As we cllimb up the canyon occasionally a glimpse of the Grand Valley to the north is framed by canyon walls. The smoky haze that hangs over the valley obscures the mountains in the distance.
Once atop the rim wall views to the south show the rolling top of the plateau beyond the canyon rim.
Rim Rock Drive twists and turns as it follows the canyons that pierce the rim. There are two major canyon systems within the monument, Ute and Monument Canyons. Each has a number of branches at the upper ends before coming together into one canyon as they drop to the valley floor. Ute Canyon is a great example of a hanging canyon. Looking north up the canyon one can clearly see the edge of the upper canyon carved in the upper hard rock layer. Out of site beyond the “v” the canyon drops down to the Grand Valley floor.
Looking south up the main branch of Ute Canyon one can see layers or rock in the eroded upper canyon.
Further on a viewpoint gives a glimpse of one of the side canyons that feeds into Ute Canyon.
Monument Canyon is the larger of the two canyon systems and Artists Point looks out on one of its branches.
Monument Canyon contains a number of stunning rock formations. This is a view of the “Coke Ovens”, named because they resemble the shape of the ovens used to process coal into coke.
Numerous side canyons dart off of the main branch, here’s a view from both sides of these rock pillars. Note that in the distance one can see the Grand Valley. Also note how narrow the road is!
Every now and then tantalizing views of the Grand Valley appear.
John Otto arrived in the Grand Valley in 1906 and chose to live alone in the canyons that rose south of the Colorado River. He explored and named many of the features in the monument and was instrumental in the founding of the Colorado Monument. He was very patriotic and named a number of rock formations after American heroes and historic events. One of the most famous formations in the monument, Independence Monument, was first climbed on June 14, Flag Day in the US. In honor of the day he named the pillar Independence Monument. For the rest of his life he climbed the pillar every 4th of July to raise the flag and it is now an annual tradition for Old Glory to be raised atop Independence Monument each July 4th.
Near the western border of the monument the view looks down past some of the switchbacks that descend the monument to the valley floor beyond.
To get down the monument tunnels had to be carved into the rock.
Bighorn sheep frequent the monument and I managed to capture two in the same picture, a large ram on the left and a smaller sheep on the right.
A closer view of the ram.
Rim Rock Drive is actually only 23 miles long as it hugs the canyon rim but what lies beyond to the south? After traversing the drive east to west (which is when most of the previous pictures were taken) I turn around and drive the same road west to east because about halfway through the drive there is a 10 mile “triangular” detour that I can take south of the canyon rim that will give me a glimpse of what lies beyond. Driving back along Rim Rock Drive Monument gives a different view of Monument Canyon.

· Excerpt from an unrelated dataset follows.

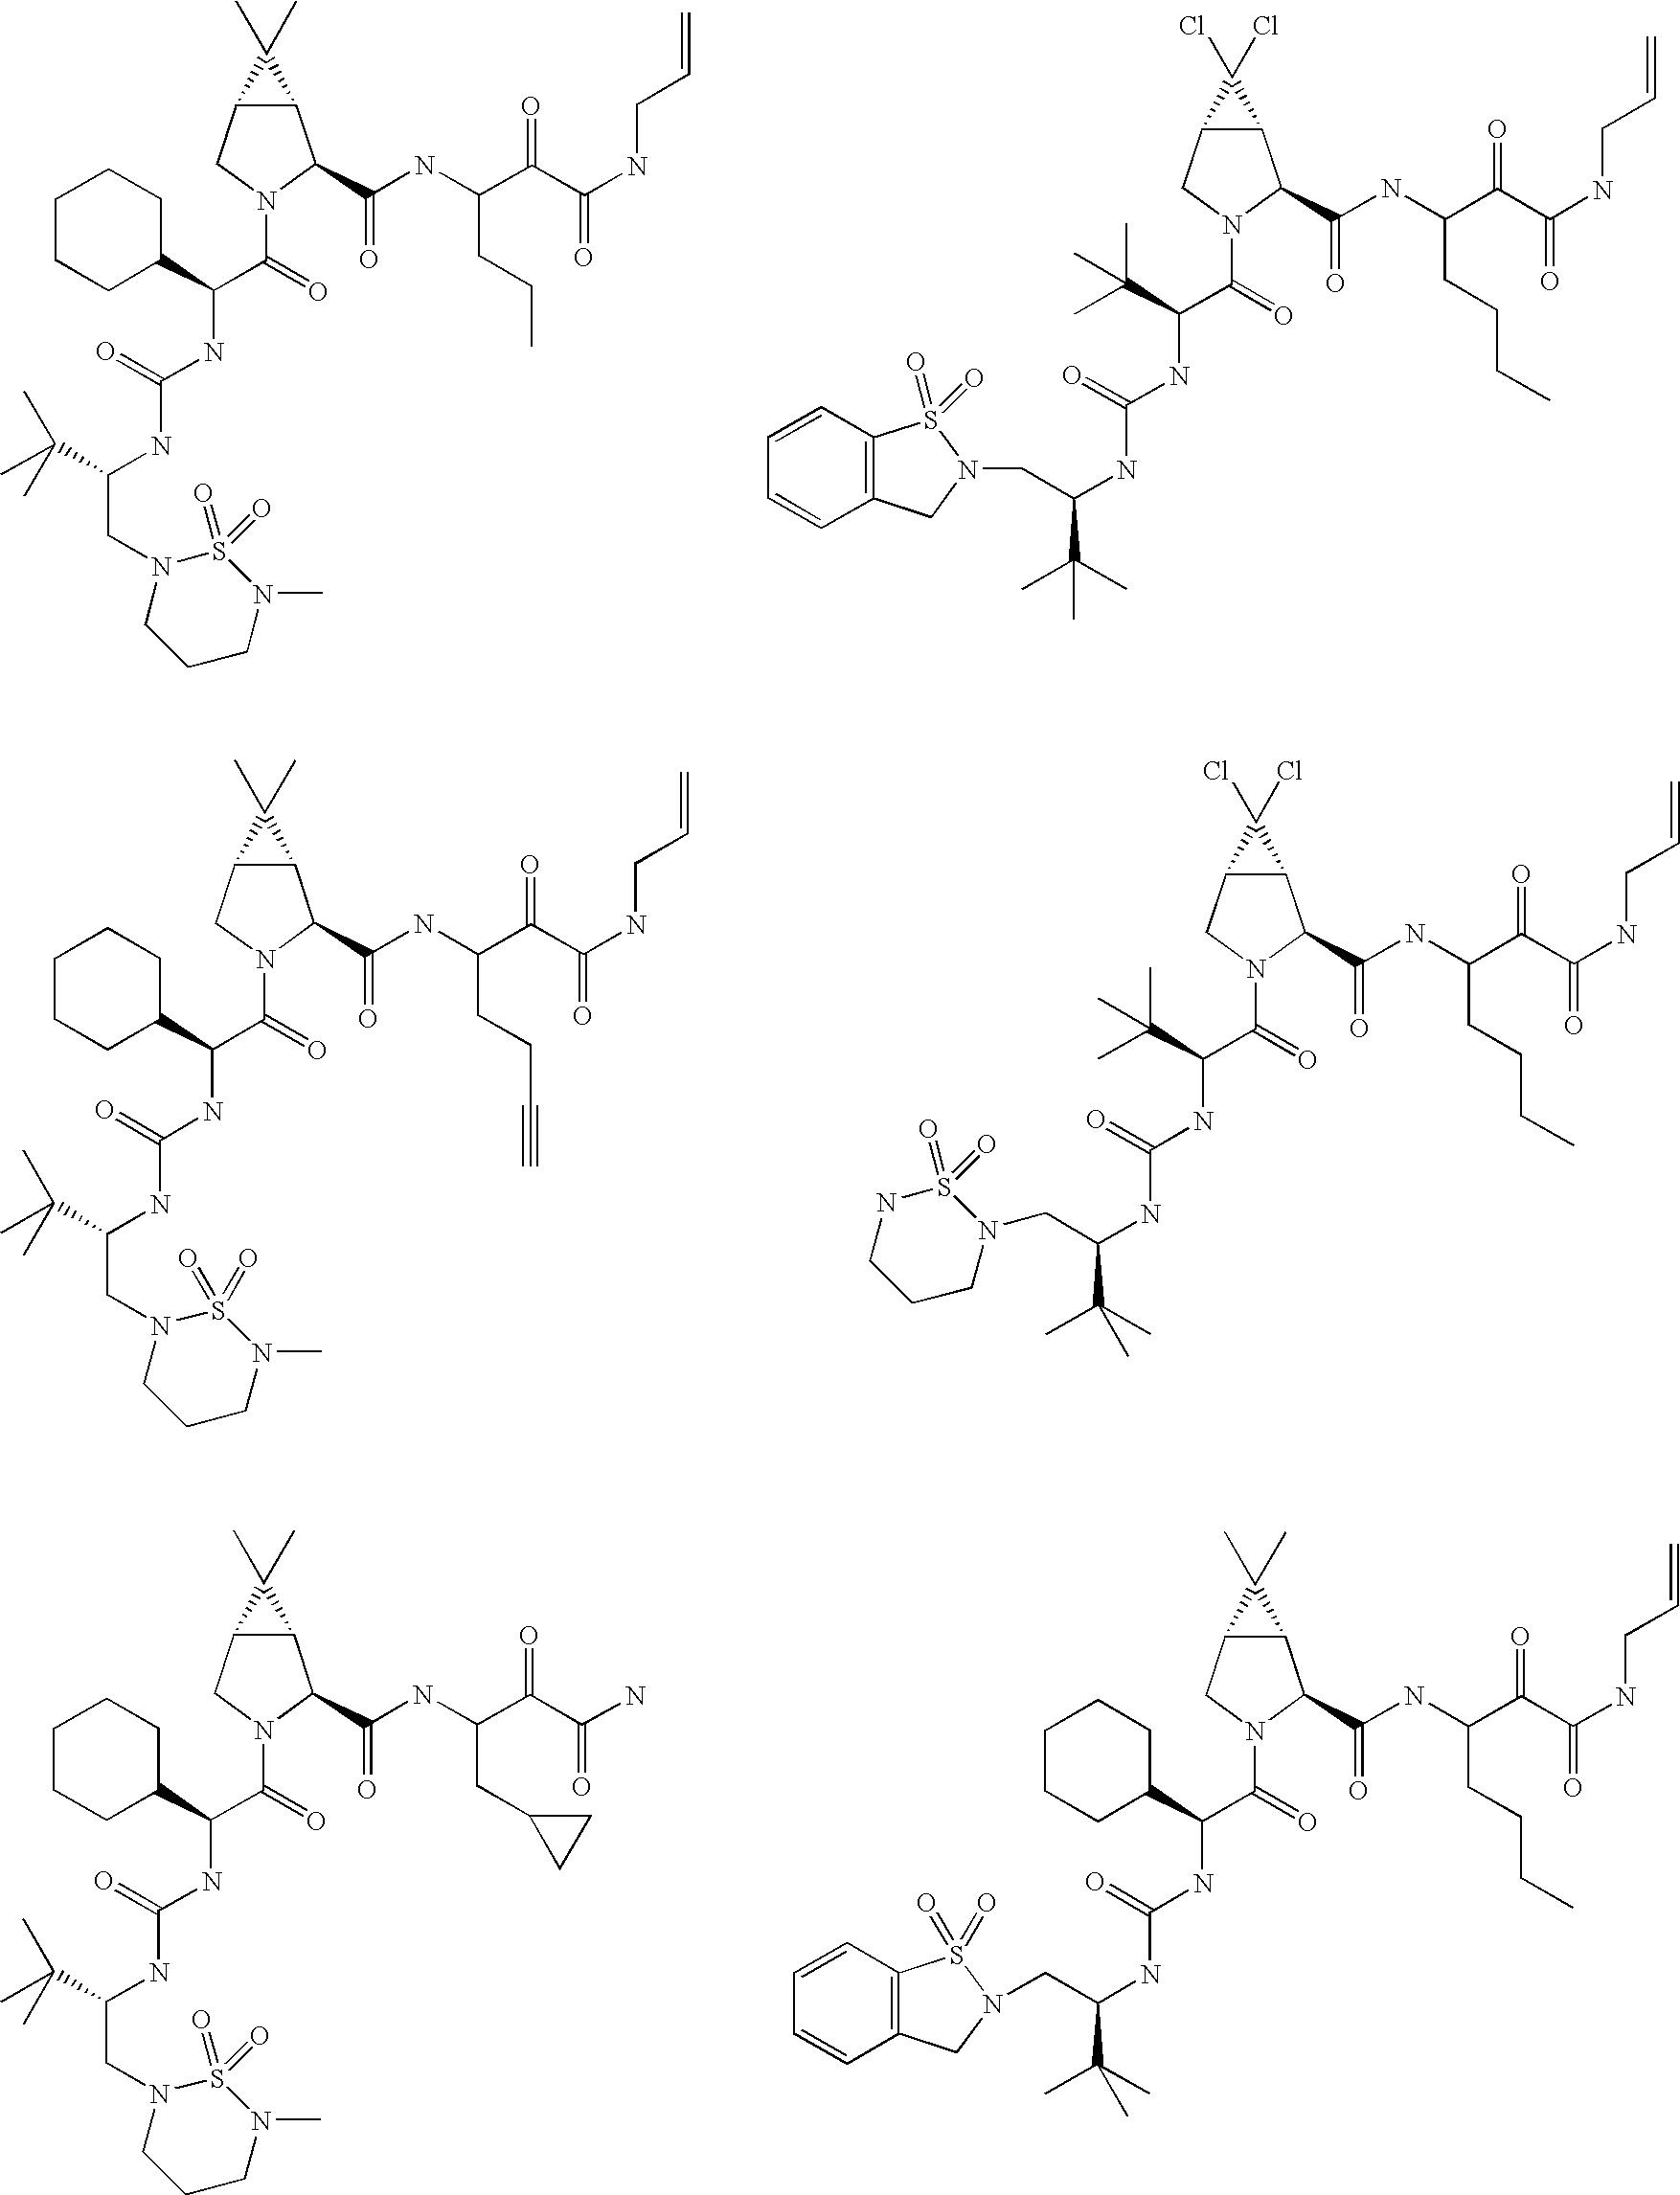 Figure US20060287248A1-20061221-C00403

Turning south off of Rim Rock Drive the view beyond the rim is of a dense forest.
Emerging from the trees expansive views of the plateau open up to the south. This area is known as Glade Park.
A cluster of trees in the distance is home to the Glade Park store, center of activity atop the plateau.
Turning back to the north towards the monument the road again enters the rolling hills covered with trees that border the monument rim.
A band of stone denotes the top of the canyon rims that drop to the Grand Valley.
The descent back to Grand Junction winds down a narrow canyon.
The Colorado Monument was definitely an unexpected experience so close to downtown Grand Junction!